You do not need to do a lock, but you can track the order of changes in your state. The various asynchronous calls that are in the game can return and change the state of the model in an order different from when the asynchronous calls were issued.
Flex and AIR applications have a single-threaded programming model. However, their architecture is based on asynchronous I / O to interact with the server layer.
Now in a Java Swing or .NET Winforms application, you can interact with i / o on the return line flow and marshal the arguments / results to and from the main GUI stream. (These graphical user interface libraries do not allow other threads to change the state of objects / widgets of graphical tools, and, therefore, data interaction should be tied to other phonogram processing threads.)

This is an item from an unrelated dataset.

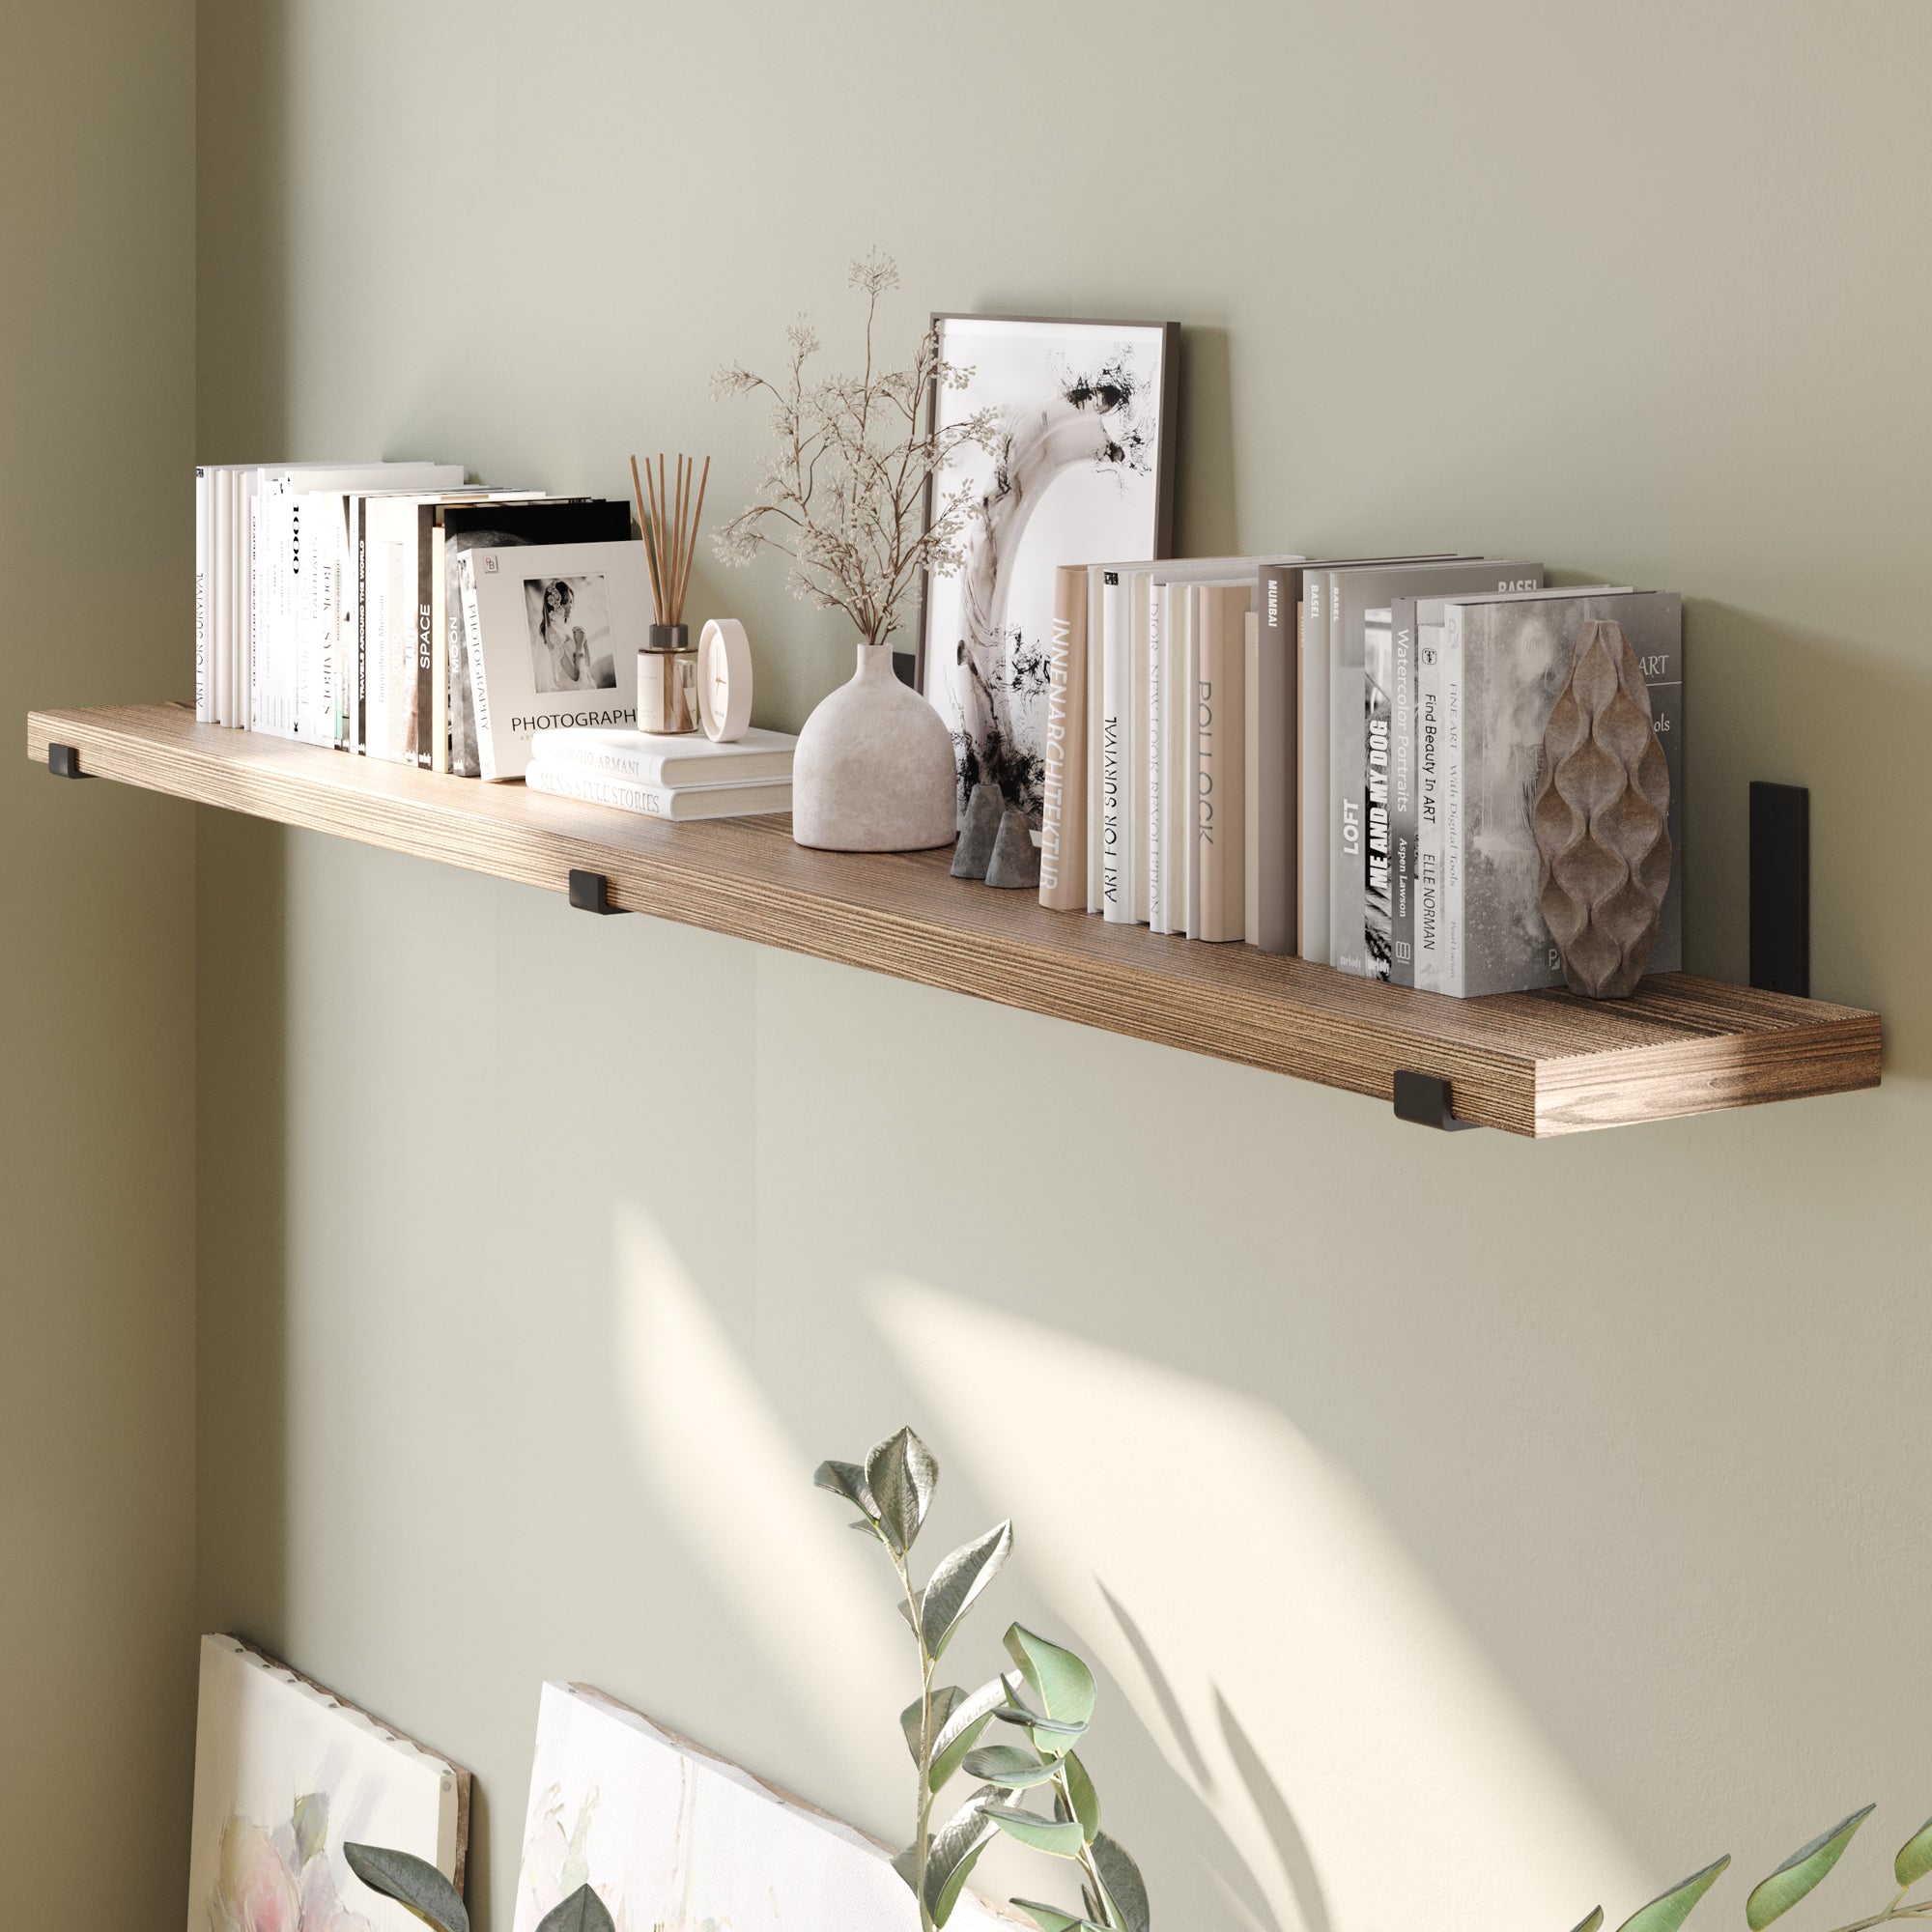 A wall shelf with books, a vase, and framed pictures.

In contrast, the i / o class library from Flex and AIR is written where these classes perform I / O asynchronously. For example, to perform an HTTP GET, the HttpSerivce send () method may be called, which is not a blocking call. Instead, an ActionScript3 closure may be provided to handle the result whenever the call completes and returns.
In the meantime, the Flex / AIR application may allow the graphical interface to continue to be fully interactive for the user. It can even display a progress indicator and / or a Cancel button.
Thus, it turns out that although the single-threaded Flex / AIR GUI model is simpler and simpler to program than multi-threaded Java Swing or .NET Winform applications, it is capable of the same complex user interface behavior as those rich client application styles.
A simple event-driven, single-threaded graphical interface, asynchronous I / O (through service calls and / or messaging), combined with closing ActionScript3 to handle results or failures, is Flex / AIR's secret recipe for world domination. (Of course, I should mention good support for properties, events, and good declarative or imperative data bindings, too, as part of this strategy for conquering the world.)